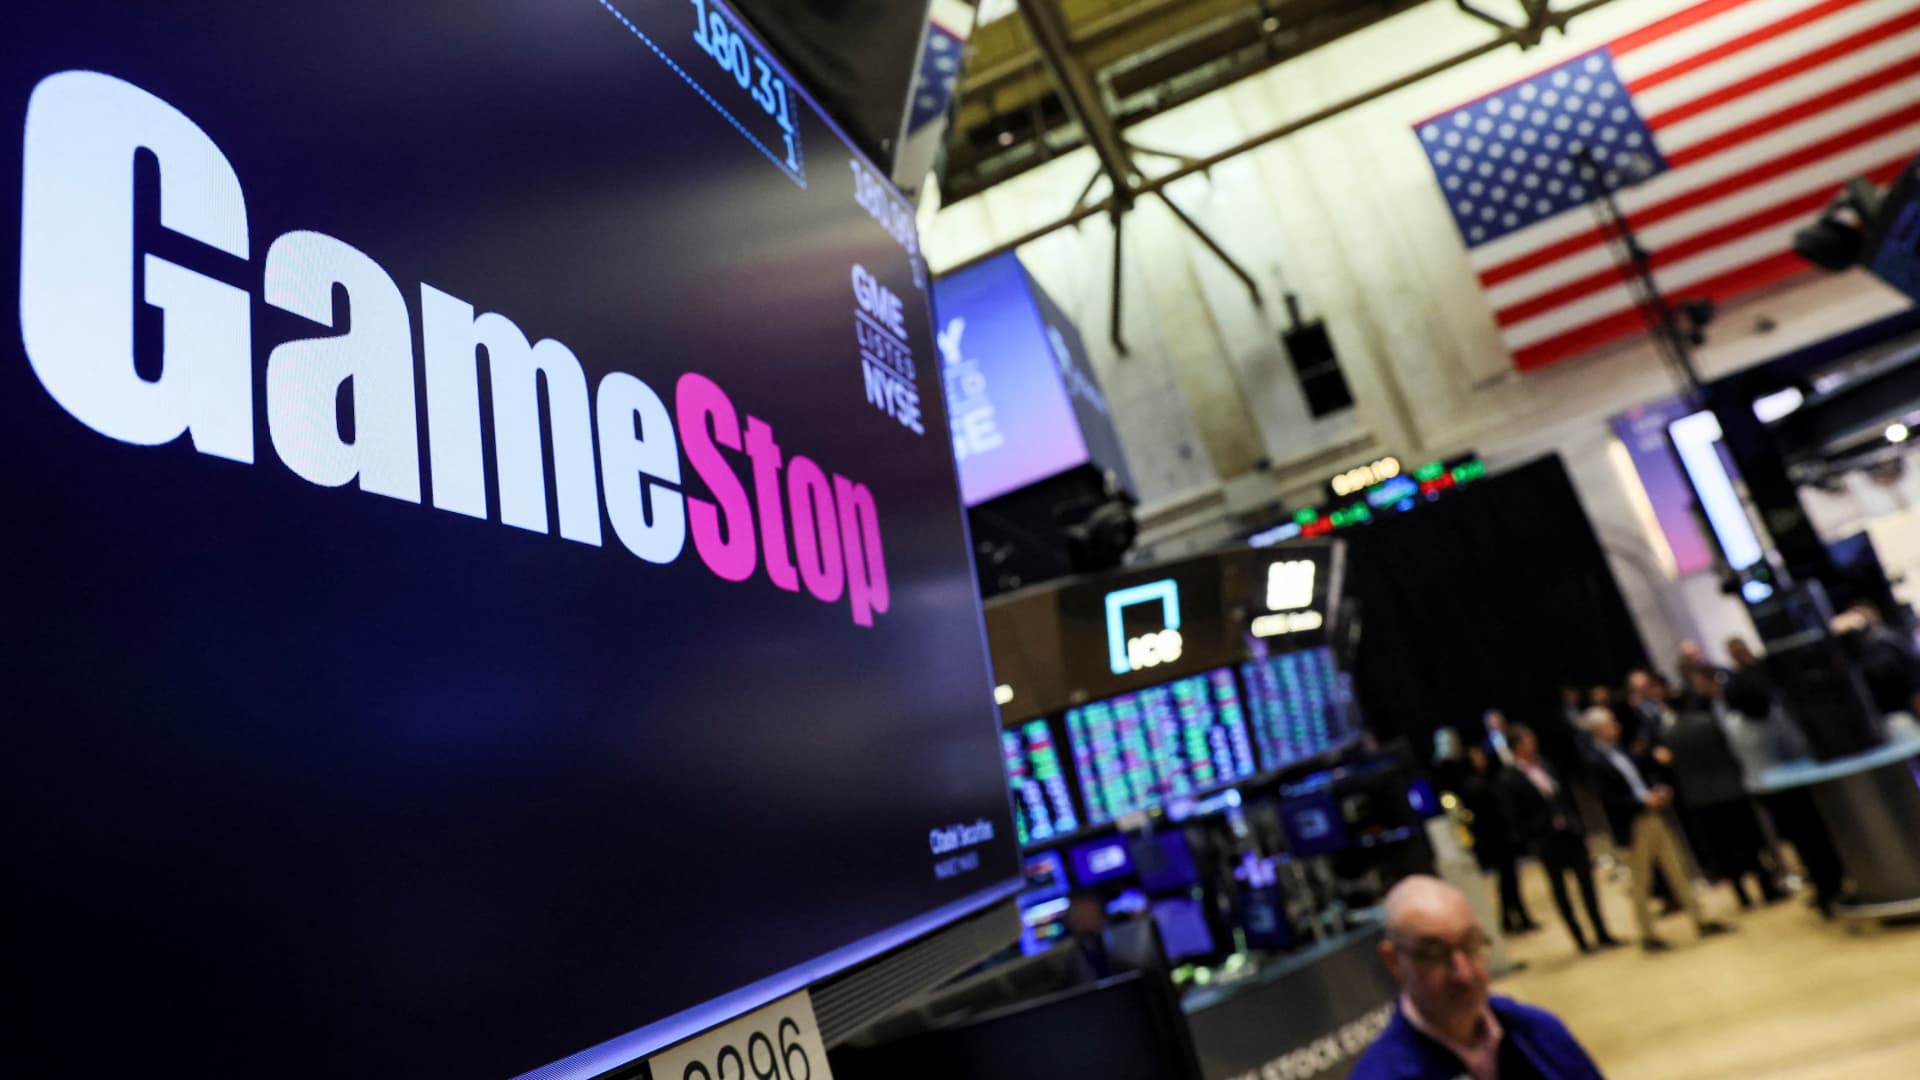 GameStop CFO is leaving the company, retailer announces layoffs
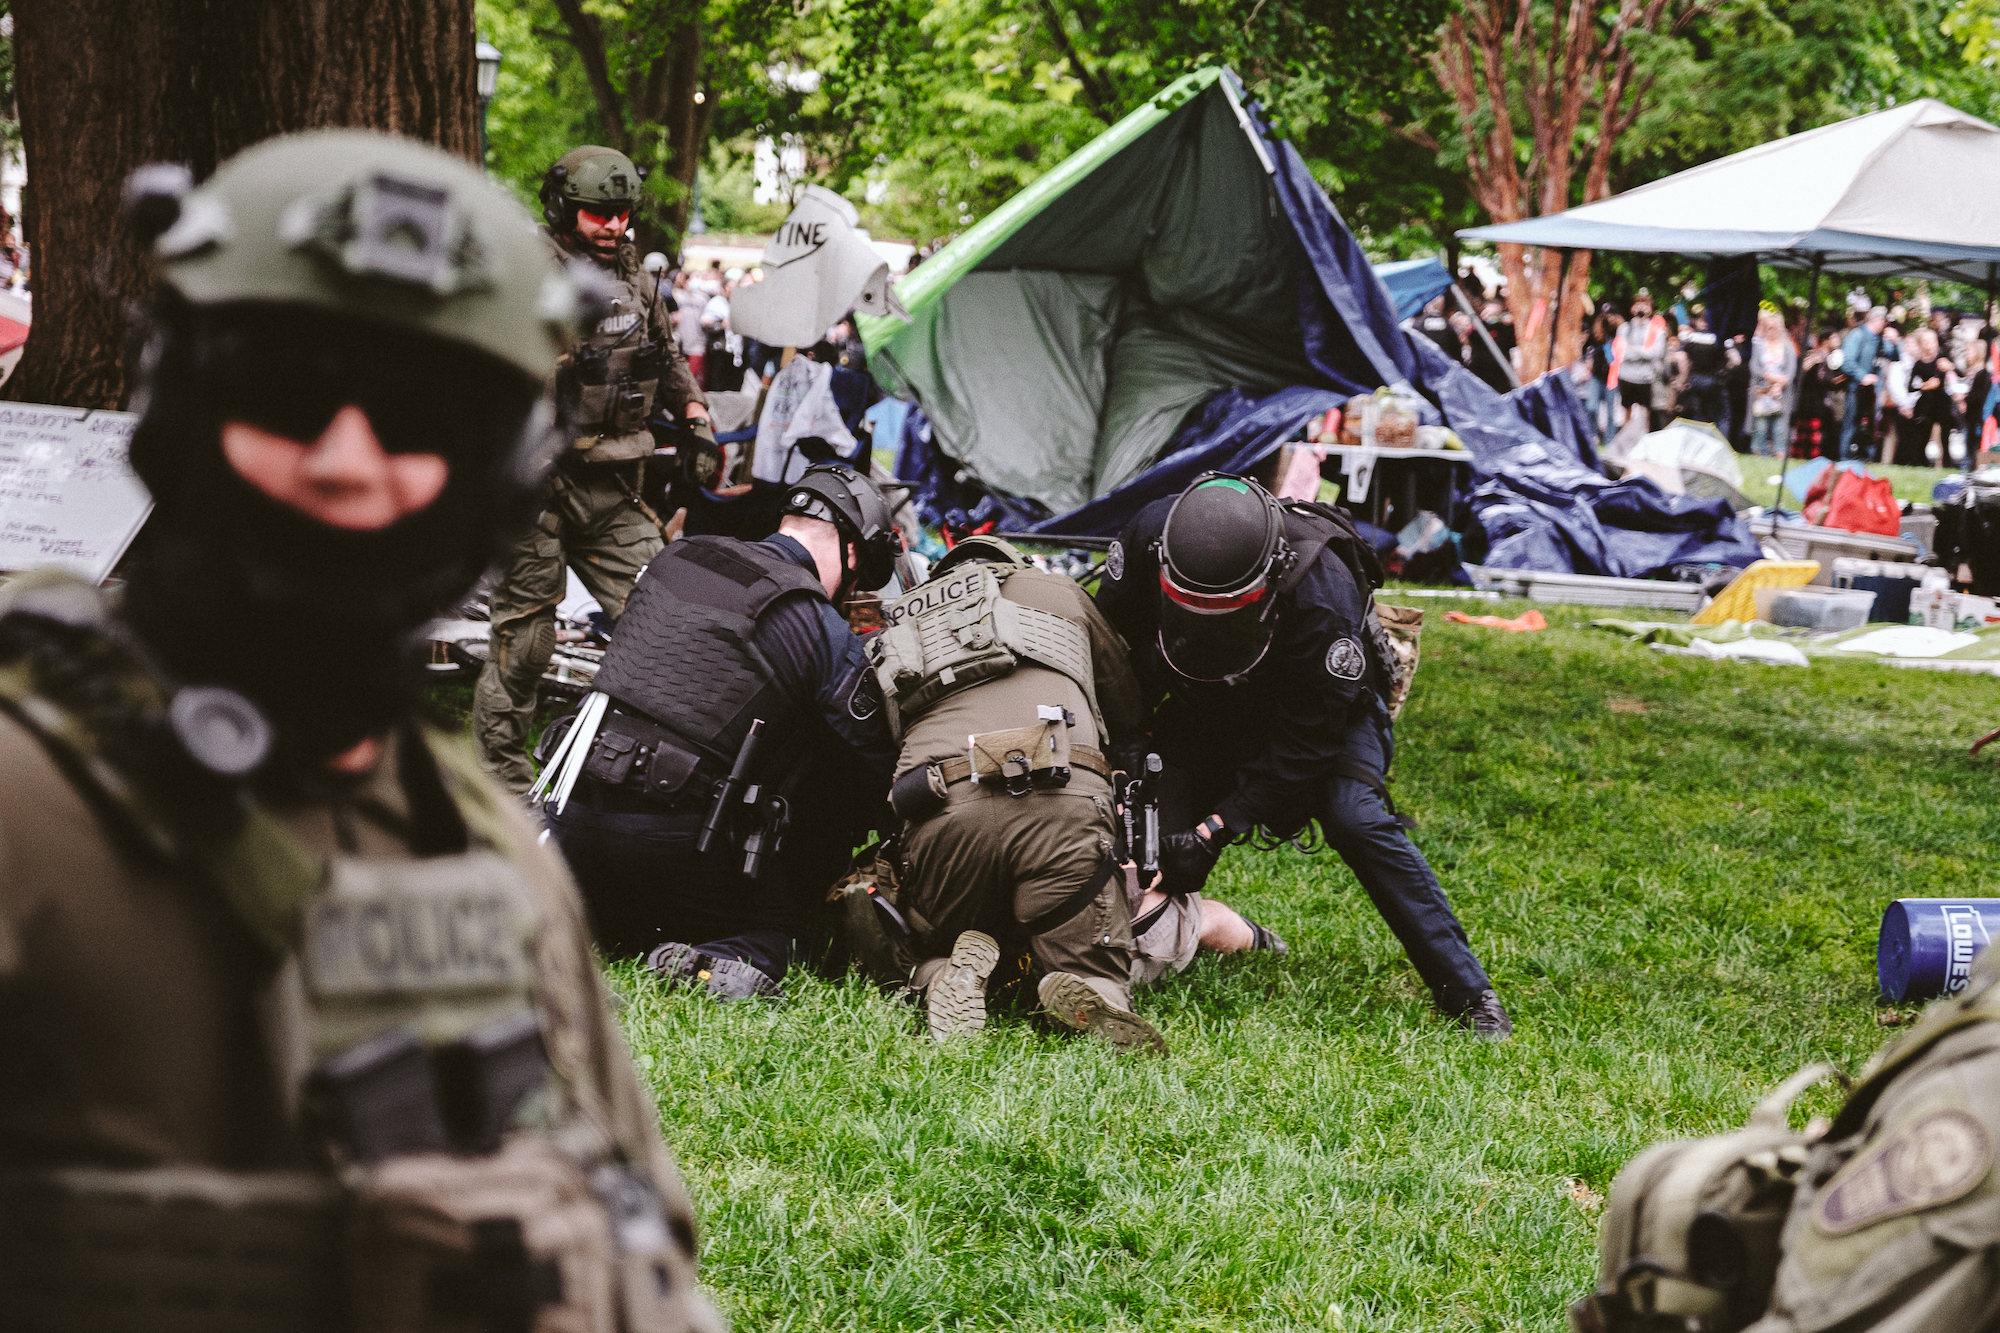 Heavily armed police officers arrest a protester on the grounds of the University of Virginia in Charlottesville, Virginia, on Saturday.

---

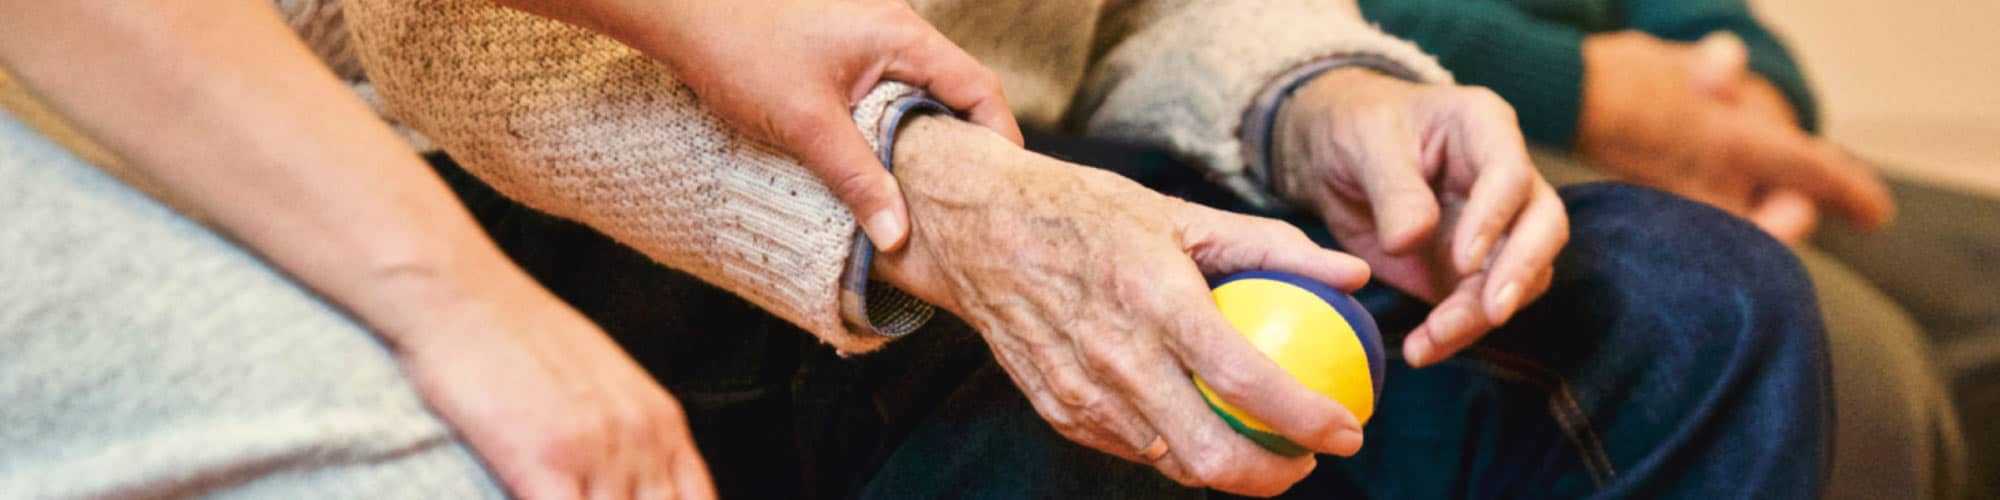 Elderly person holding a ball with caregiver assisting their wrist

---

*TASK DIRECTIONS*. Reproduce the data above exactly, but only from the line containing "GameStop CFO is" through the line containing "Heavily armed police". Omit all pictures.

*REPLY TO THE EXERCISE*.
 GameStop CFO is leaving the company, retailer announces layoffs
 Heavily armed police officers arrest a protester on the grounds of the University of Virginia in Charlottesville, Virginia, on Saturday.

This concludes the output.